Can't reset a file to a specific commit using Git

I have a modified file which I want to rever to whatever is in the latest commit but it's "stuck" there always being marked as modified.

$ git status
# On branch master
# Changed but not updated:
#   (use "git add <file>..." to update what will be committed)
#   (use "git checkout -- <file>..." to discard changes in working directory)
#
#       modified:   index.php
#
no changes added to commit (use "git add" and/or "git commit -a")

I then try:

$git checkout -- index.php

But the output of git status is still the same.

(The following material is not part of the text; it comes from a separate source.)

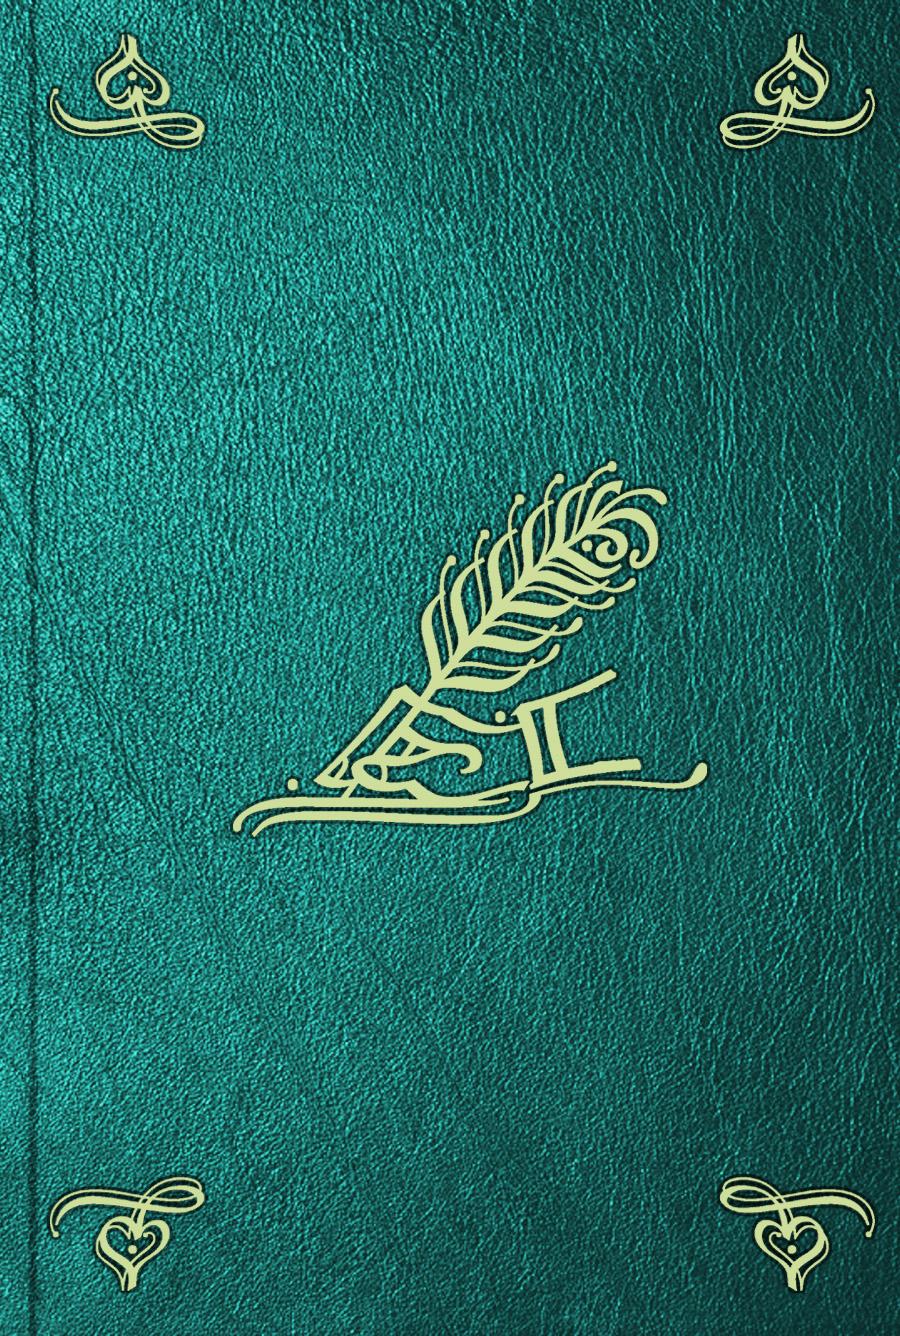 Comte de Buffon Georges Louis Leclerc Histoire naturelle. T. 6. Oiseaux comte de buffon georges louis leclerc histoire naturelle t 6 oiseaux

I then try:

$git reset --hard master
HEAD is now at 02c9613 test commit message

And the output of git status is STILL the same.

Any ideas on how I can get rid of the supposed changes on that file?

like image 842
Julian Avatar asked Dec 14 '10 17:12

Julian


2 Answers

You might be running into a whitespace issue try git config --global apply.whitespace nowarn for that.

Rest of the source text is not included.